Cornea and Laser Eye Institute-Hersh Vision Group, CLEI Center for Keratoconus, Teaneck, New Jersey 07666, USA.
J Cataract Refract Surg. 2011 Apr;37(4):691-700. doi: 10.1016/j.jcrs.2010.10.052.
To determine the changes in corneal thickness over time after corneal collagen crosslinking (CXL) for keratoconus and corneal ectasia.
Cornea and refractive surgery subspecialty practice.
Prospective randomized controlled clinical trial.
Corneal thickness at the apex, thinnest point, and pupil center were measured using Scheimpflug imaging (Pentacam) at baseline and 1, 3, 6, and 12 months after CXL. The treatment group was compared with both a sham-procedure control group and a fellow-eye control group. Associations with clinical outcomes (uncorrected and corrected distance visual acuities and maximum keratometry) were analyzed.
The study comprised 82 eyes, 54 with keratoconus and 28 with ectasia after laser in situ keratomileusis. The mean preoperative thinnest pachymetry was 440.7 μm ± 52.9 (SD).
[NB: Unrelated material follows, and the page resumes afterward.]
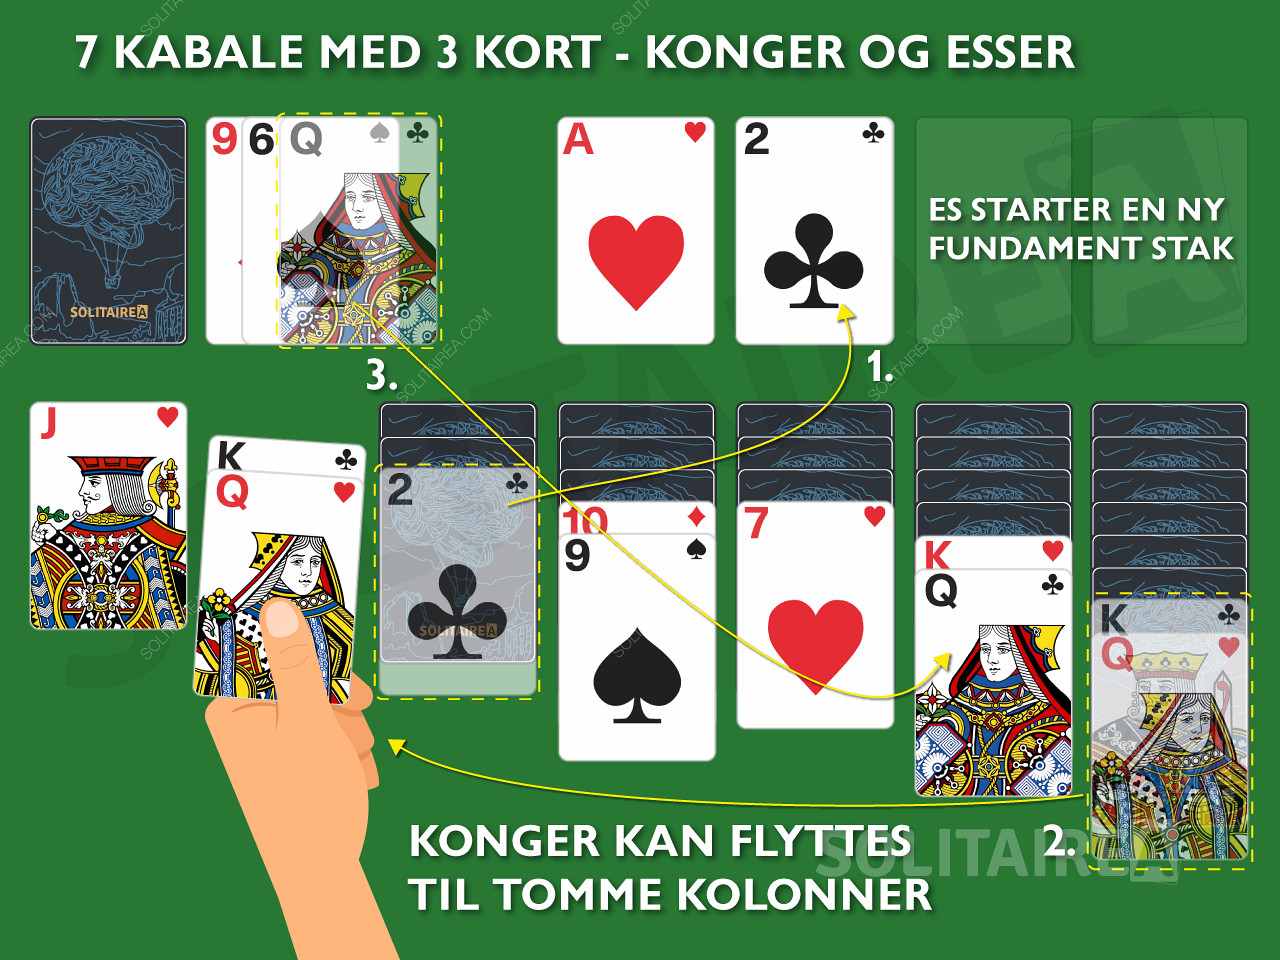 Konger og esser. Flyt dine konger til tomme kolonner i 7 kabale med 3 kort.

After CXL, the cornea thinned at 1 month (mean change -23.8 ± 28.7 μm; P<.001) and from 1 to 3 months (mean change -7.2 ± 20.1 μm, P=.002), followed by a recovery of the corneal thickness between 3 months and 6 months (mean +20.5 ± 20.4 μm; P<.001). At 1 year, apex and pupil-center thicknesses returned to baseline (P=.11 and P=.06, respectively); however, the thinnest pachymetry remained slightly decreased from baseline to 12 months (mean change -6.6 ± 22.4 μm; P=.01). The recovery of corneal thickness was more rapid in ectasia than in keratoconus. There was no association between the degree of corneal thinning at 3 months and clinical outcomes after CXL.
After CXL, the cornea thins and then recovers toward baseline thickness. The cause and implications of corneal thickness changes after CXL remain to be elucidated.
No author has a financial or proprietary interest in any material or method mentioned. Additional disclosure is found in the footnotes.
确定角膜交联 (CXL) 治疗圆锥角膜和角膜扩张后角膜厚度随时间的变化。
角膜和屈光手术亚专科。
前瞻性随机对照临床试验。
使用 Scheimpflug 成像(Pentacam)在基线和 CXL 后 1、3、6 和 12 个月时测量角膜顶点、最薄点和瞳孔中心的角膜厚度。将治疗组与假手术对照组和对侧眼对照组进行比较。分析与临床结果(未矫正和矫正远视力和最大角膜曲率)的相关性。
该研究包括 82 只眼,54 只为圆锥角膜,28 只为 LASIK 后扩张。术前最薄角膜厚度平均为 440.7μm±52.9(SD)。CXL 后 1 个月角膜变薄(平均变化-23.8±28.7μm;P<.001),从 1 个月到 3 个月(平均变化-7.2±20.1μm,P=.002),随后 3 个月至 6 个月之间角膜厚度恢复(平均增加 20.5±20.4μm;P<.001)。1 年后,顶点和瞳孔中心厚度恢复到基线(P=.11 和 P=.06);然而,最薄角膜厚度从基线到 12 个月仍略有下降(平均变化-6.6±22.4μm;P=.01)。扩张的角膜厚度恢复比圆锥角膜更快。3 个月时角膜变薄的程度与 CXL 后的临床结果无关。
CXL 后,角膜变薄,然后向基线厚度恢复。CXL 后角膜厚度变化的原因和影响仍有待阐明。